L’authenticité qui en découle fait la force d’Intra-Muros. Plus que de raconter une foule impersonnelle, Kohndo se raconte lui, ses proches, les gens de son proche milieu coincés entre les rives de l’Ile-de-France. Pour ce faire, là où beaucoup ont tendance à embellir par le fantasme, notre chauffeur d’un soir a fait le choix d’une poésie authentique. De fait, les images lâchées par Kohndo posent le décor, et donnent à l’ensemble l’effet cinématographique recherché. Mais surtout, ses mots donnent le sentiment d’être là pour se réapproprier une vie qui pousse au confinement, se libérer de ces murs, non de pierre, mais psychiques et sociaux. Tantôt armé d’ironie et d’humour, tantôt prêt à foncer en première ligne, le taxi bat le pavé, fier dans l’adversité, bien que chahuté par les nids de poules, évitant l’accident de l’écueil larmoyant ou de la glorification d’une vie dans un 9m².
Depuis le début de cette course, la radio est allumée. La musique était à peine lancée que le chauffeur s’est mis à parler. Pourtant, les notes sortant des haut-parleurs pourraient presque se suffire à elles-mêmes pour raconter le voyage. Transpirant le jazz en s’en inspirant sans faute de goût, teintée de soul et de funk, la composition sait ainsi faire preuve d’éclectisme tant dans les sonorités que dans les ambiances. Appuyant les propos du rappeur en ajoutant de la profondeur aux mots, les compositions deviennent déroutantes lorsque la funk sert à parler de colis quelque peu illégaux, et que des sonorités légères viennent enchanter les démons présents dans sa tête.
Le style du Koh est reconnaissable entre mille avec un flow léger, oscillant parfois entre espiègle et ironique, quand bien même le sujet rappé serait à l’opposé. Toutefois, Kohndo a su faire passer de légères bribes de nouveauté entre des murs pas si hermétiques que ça.
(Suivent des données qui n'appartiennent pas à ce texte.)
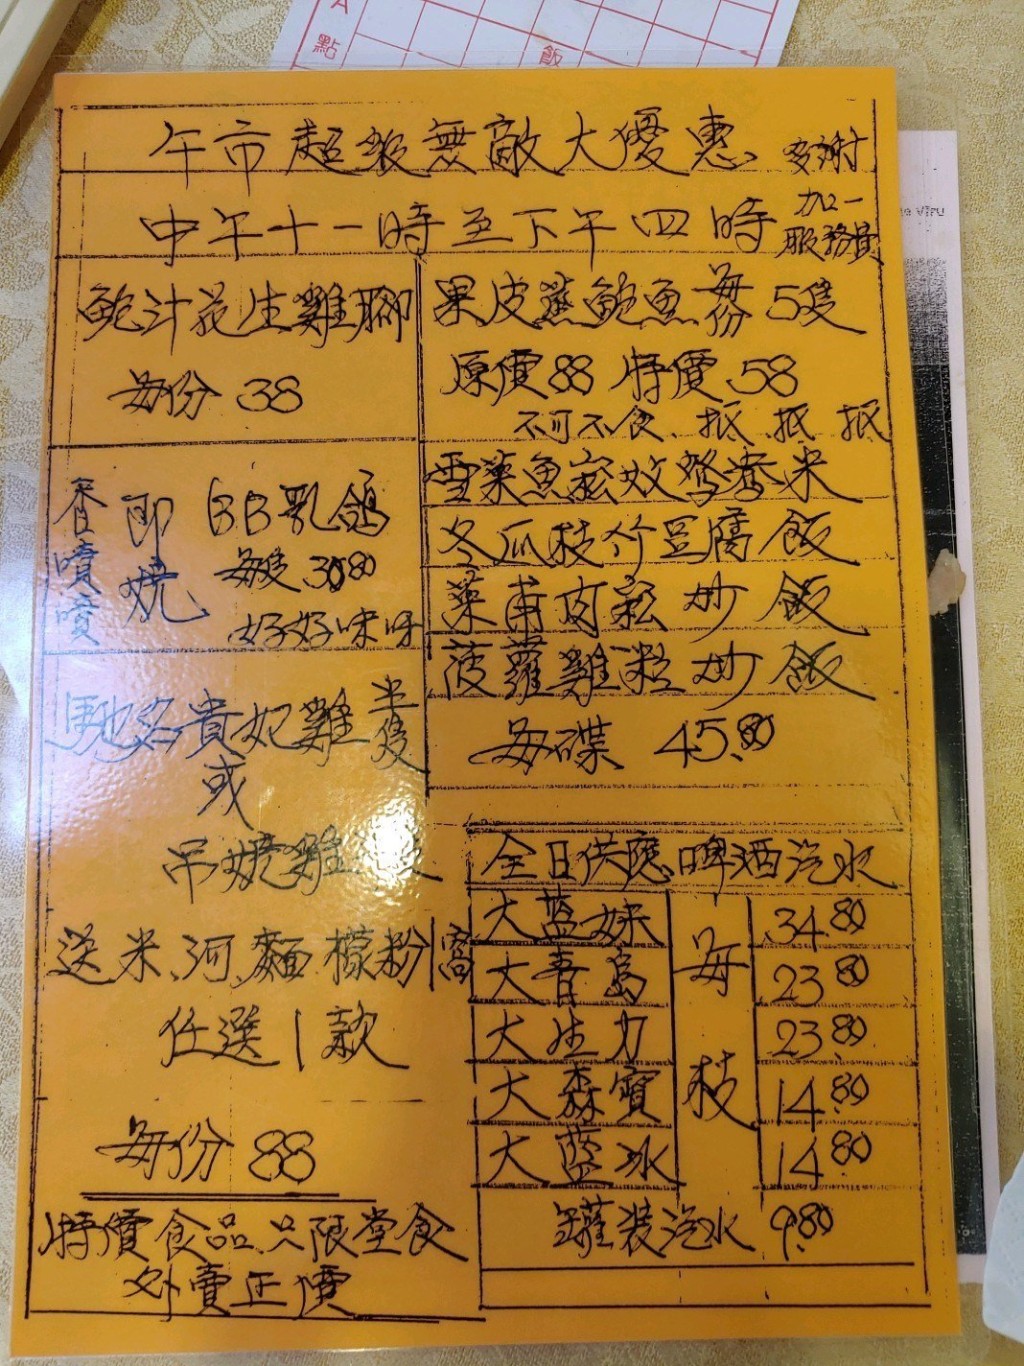 字體剛勁的手寫餐牌是酒樓一大特色。網民andyc1209圖片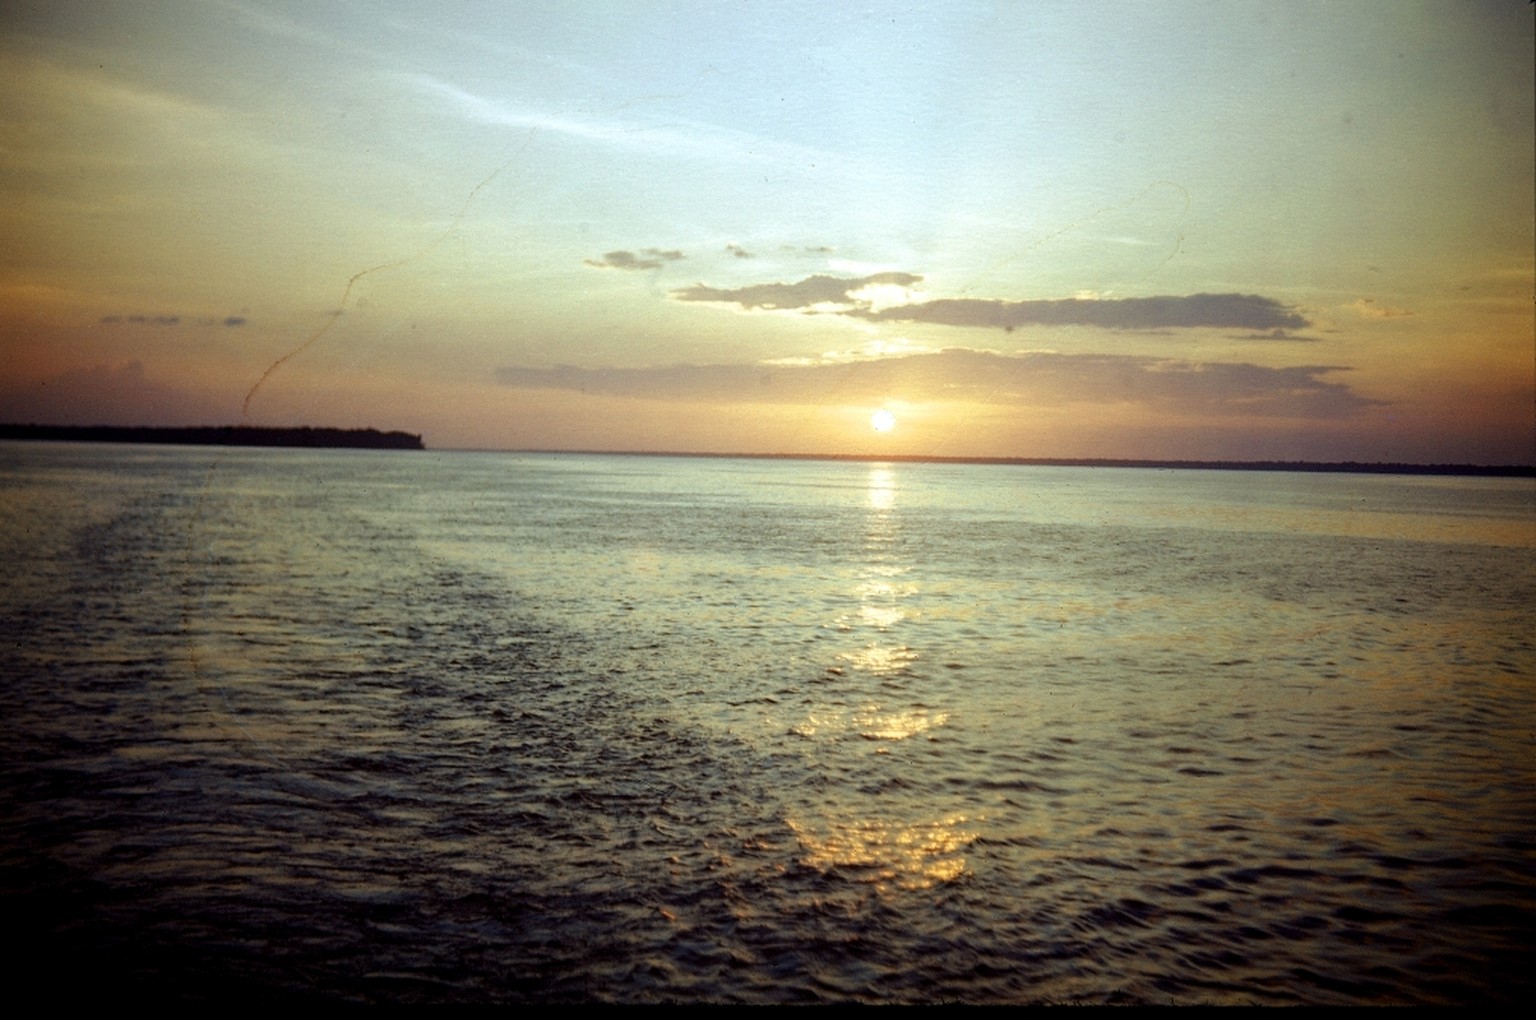 Sonnenuntergang an einem Fluss

Sonnenuntergang am Amazonas bei Gelem 
Beschreibung:
Sonnenuntergang an einem Fluss 
Datierung:
1947

Peut-être pas suffisamment pour que de nouveaux clients se laissent tenter par la course, mais bien assez pour que les passagers habituels prennent plaisir à la découverte d’un nouveau trajet. La preuve en est qu’avec « un gun sur la tempe », dans lequel notre chauffeur sait garder son style sans pour autant faire la grève contre les sonorités et les rythmes actuels. Si l’on ne peut pas savoir si la balade sera toujours aussi attrayante sur le long terme, force est de constater que les premiers trajets passent d’une traite, si bien que l’on redemande volontiers un autre tour afin de saisir ce qui nous a échappé lors de la virée précédente.
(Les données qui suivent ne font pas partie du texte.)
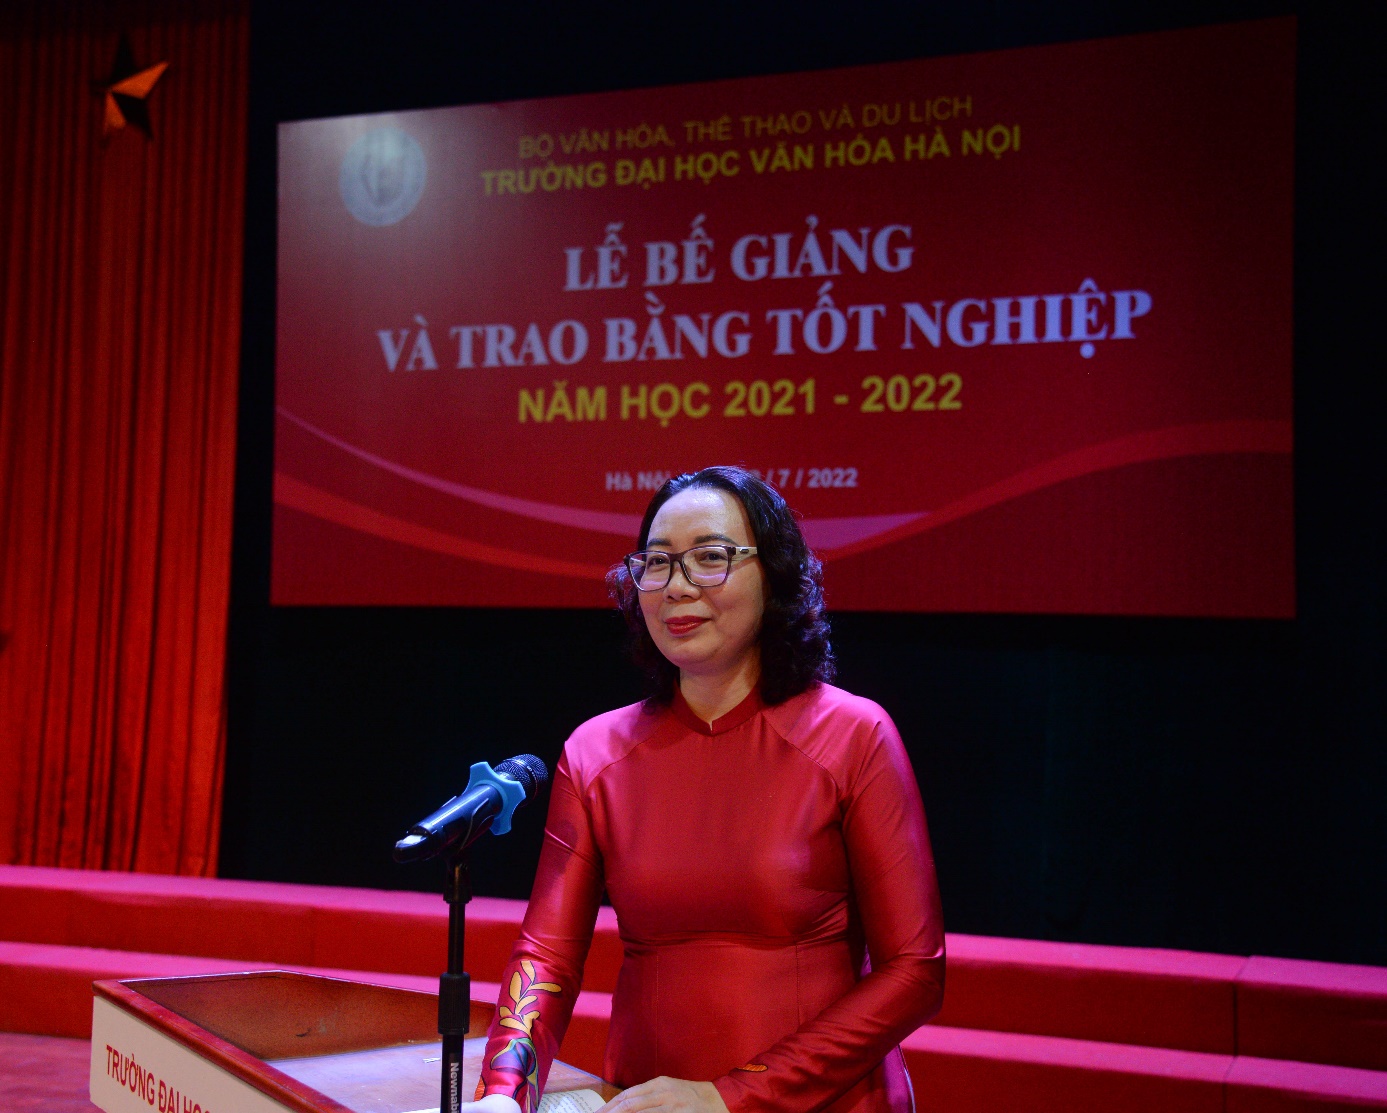 Trường Đại học Văn hóa Hà Nội tổ chức lễ bế giảng và trao bằng tốt nghiệp năm học 2021 – 2022 - Ảnh 4.

Kohndo voulait son album comme un film noir. Force est de constater qu’il l’a ponctué d’une multitude de nuances. Dans la peau d’un chauffeur de taxi, Kohndo raconte en musique la solitude d’une foule prisonnière du quotidien, et à travers elle se raconte avec hargne et authenticité. Si il n’y effectue pas de grand virage musical, Kohndo a su créer, une fois encore, une œuvre à l’identité propre avec ce style funky et old school qui lui colle à la peau. Peu nombreux, les invités que sont Nekfeu, Oxmo et A2H ajoutent une ouverture bien dosée à cet album. Une belle réussite en somme, qui nous révèle qu’il suffit d’un taxi pour pouvoir s’évader de murs qui pourtant nous condamnaient à rester prisonniers d’un compteur qui tourne en boucle.